In order to determine whether WRTL’s ads were constitutionally exempt from BCRA’s electioneering communications ban, Roberts had to determine whether the ads were the "functional equivalent of express advocacy."  Based on a number of factors, he concluded that they were not.  The gist of CLC’s analysis is that future ads seeking the exemption will have to have all of the factors Roberts mentions in the principle opinion, namely:

First, their content is consistent with that of a genuine issue ad: They focus and take a position on a legislative issue and exhort the public to adopt that position and to contact public officials with respect to the matter.

Second, their content lacks indicia of express advocacy: They do not mention an election, candidacy, political party, or challenger; and they take no position on a candidate’s character, qualifications, or fitness for office.

Now, naturally, CLC wants to minimize the impact of this case on their "reform" agenda, but their conclusion–that "the Chief Justice’s opinion ‘is susceptible of no reasonable interpretation other than’ as requiring an ad to possess all of these criteria in order to qualify for a new as-applied exception"–takes minimalism to new extremes.  And in doing so, it flips the "functional equivalence" test on its head.

Roberts’ list of factors was intended to illustrate that WRTL’s ads were "plainly not the functional equivalent of express advocacy."  Roberts was not saying, as CLC claims, that WRTL’s ads had set the standard, but rather that WRTL had gone well beyond what they were required to do.  This becomes even more clear if one takes Roberts’ description of the functional equivalence test, which Roberts phrased in the negative, and phrase it in the positive. Here’s what Roberts said:

"[A] court should find that an ad is the functional equivalent of express advocacy [and, therefore, ineligible for an as-applied exemption] only if the ad is susceptible of no reasonable interpretation other than as an appeal to vote for or against a specific candidate."

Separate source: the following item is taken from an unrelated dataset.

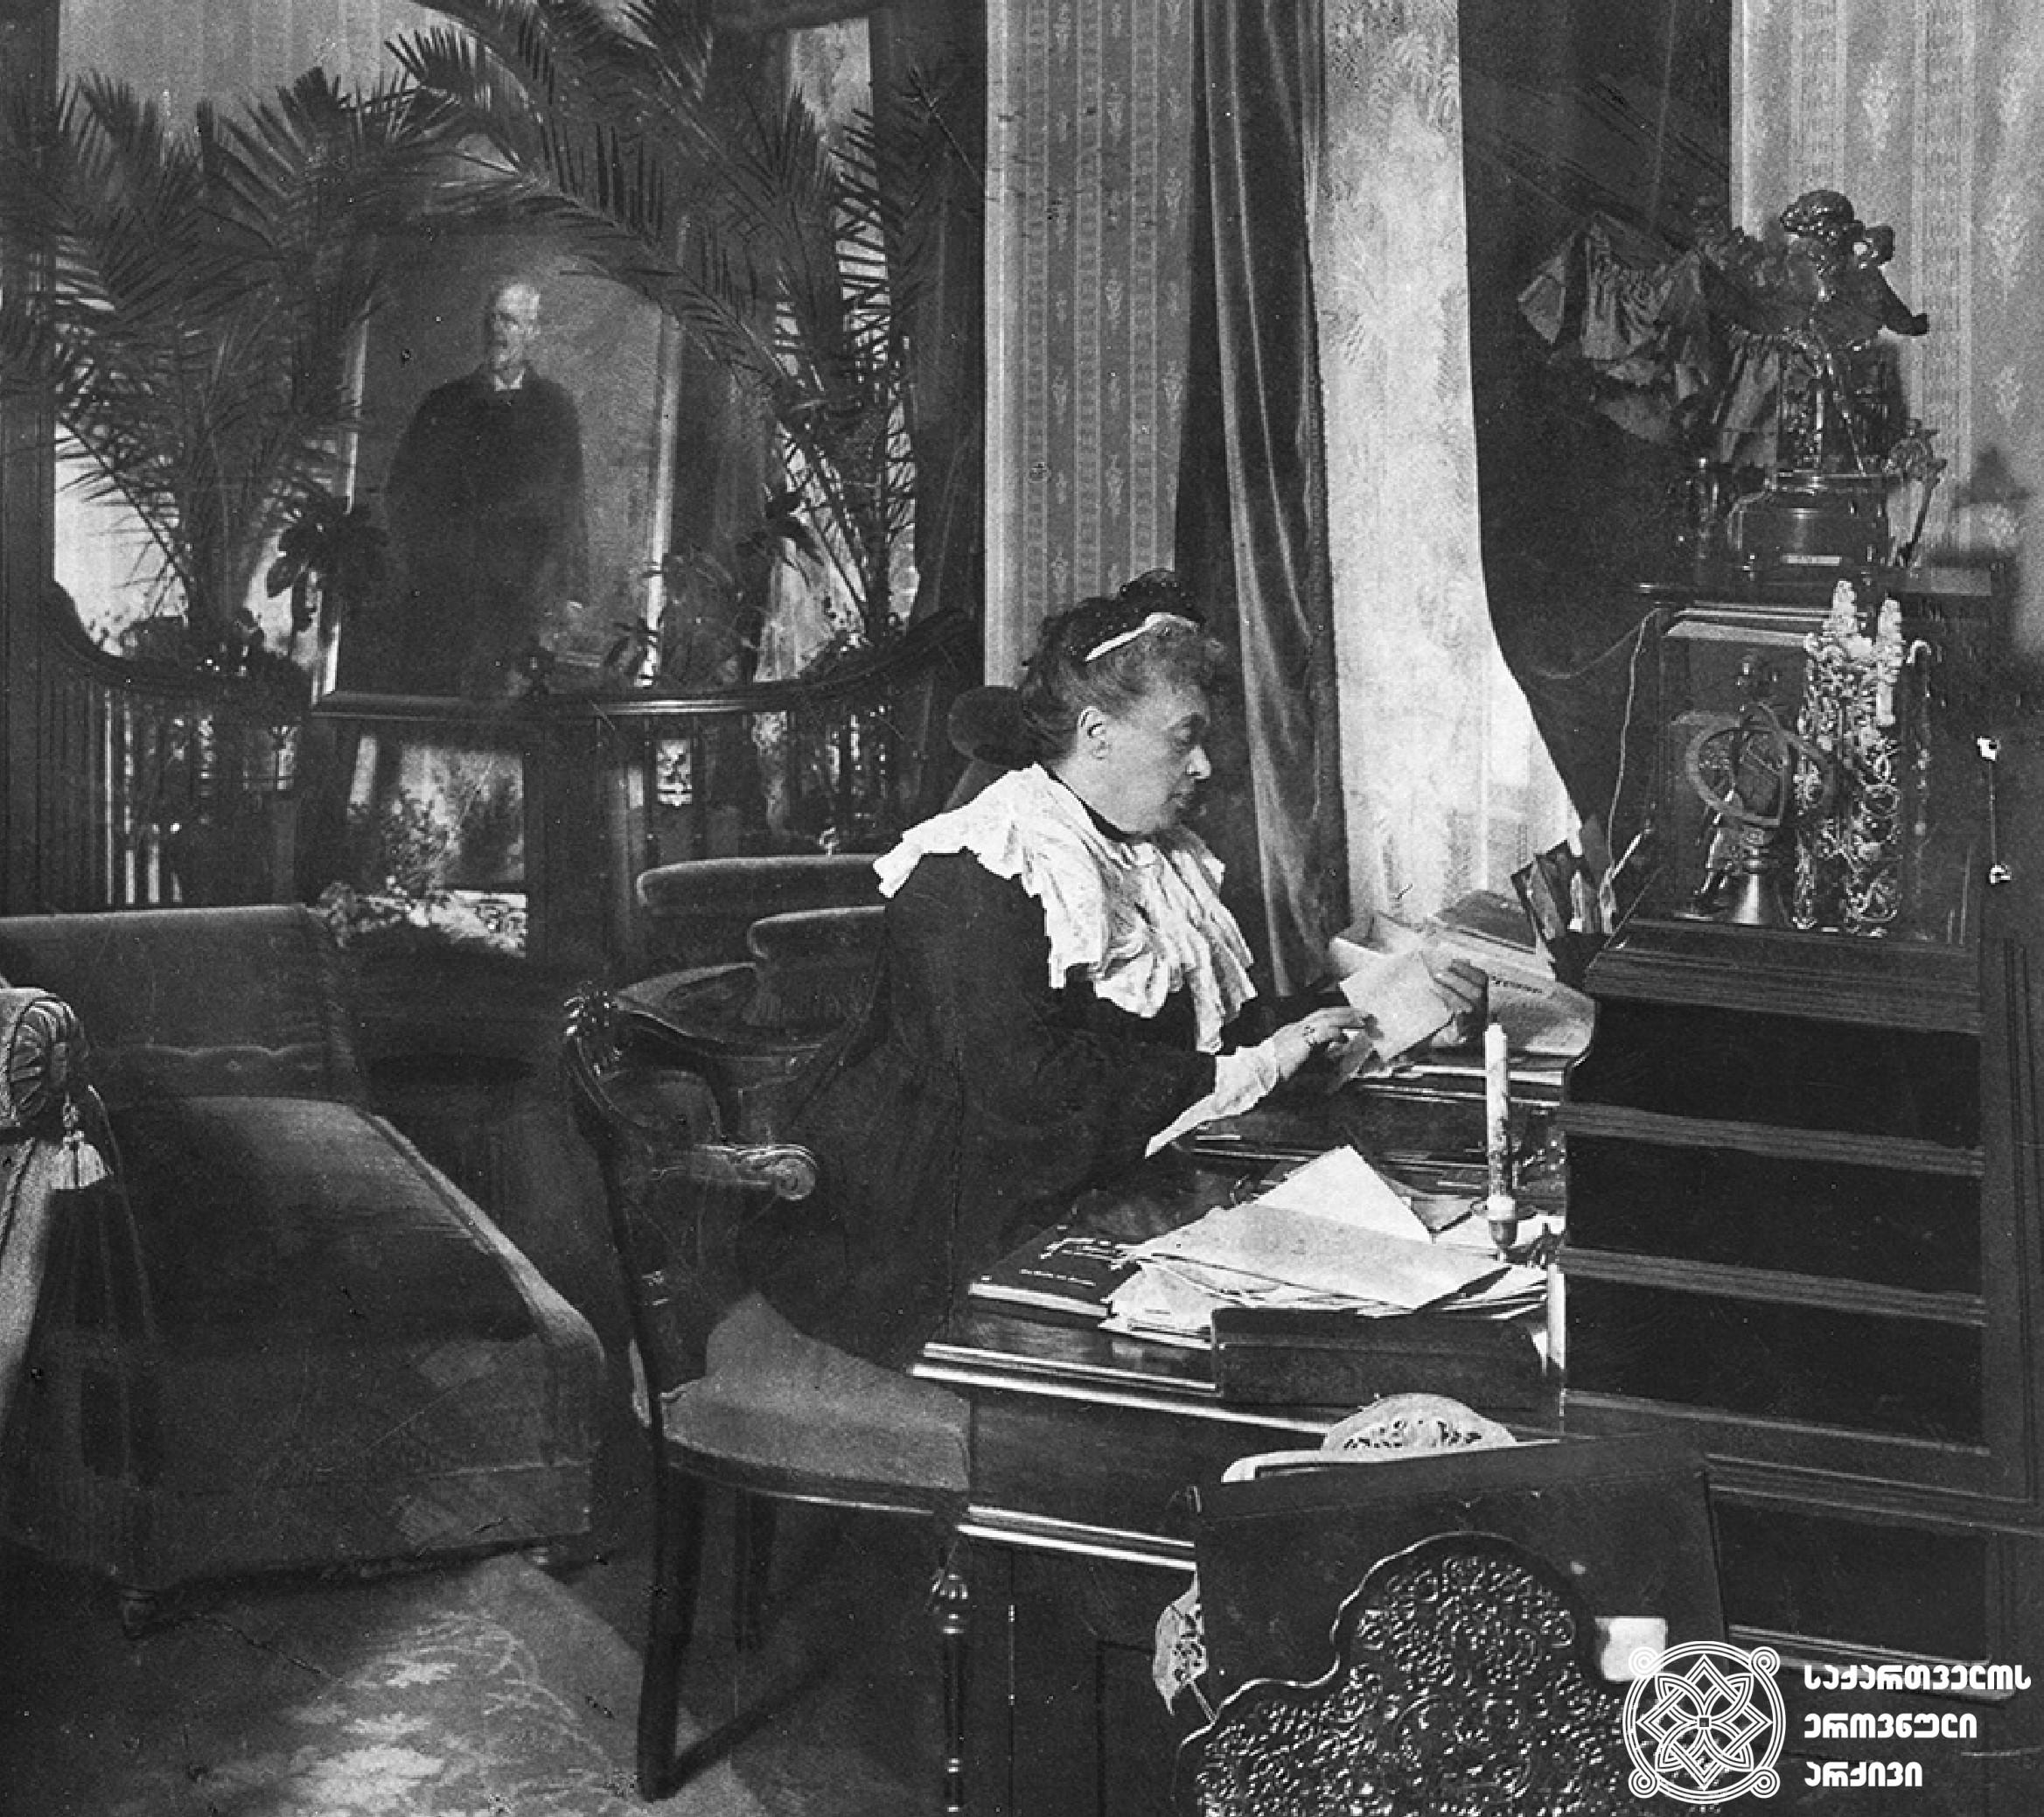 ბერტა ფონ ზუტნერი საკუთარ კაბინეტში, ვენაში. უკანა ფონზე მოჩანს არტურ ზუტნერის პორტრეტი. იგი 1902 წელს გარდაიცვალა. პორტრეტი პალმის რტოებით არის შემკული. <br> გეორგ ჰამანის კოლექციიდან<br> Bertha von Suttner in her study in Vienna. In the background a painting of Arthur, who died in 1902. Portrait is decorated with palm fronds.<br> From the collection of Georg Hamann

Now let’s take the logical flip-side:

A court should find that an ad is entitled to an as-applied exemption if the ad is susceptible of any reasonable interpretation other than as an appeal to vote for or against a specific candidate.

Is that a broad exemption?  Certainly.  Nevertheless, it flows ineluctably from Roberts’ opinion.  Moreover, it’s consistent with the robust First Amendment protection described in Roberts’ concluding statement:

"[W]hen it comes to defining what speech qualifies as the functional equivalent of express advocacy subject to [the electioneering communications] ban . . . we give the benefit of the doubt to speech, not censorship. The First Amendment’s command that "Congress shall make no law . . . abridging the freedom of speech" demands at least that." 

CLC’s uncharitably ultra-minimalist reading of Roberts’ opinion would produce the very opposite result, giving the benefit of the doubt to censorship.  That would fit nicely with their larger policy goals, but a casual reading of WRTL II makes clear that Chief Justice Roberts wisely declined to take that approach.  CLC may not like it, but there’s no use denying it.  Doing so–to paraphrase another Justice’s opinion in WRTL II–is not minimalism, it is obfuscation.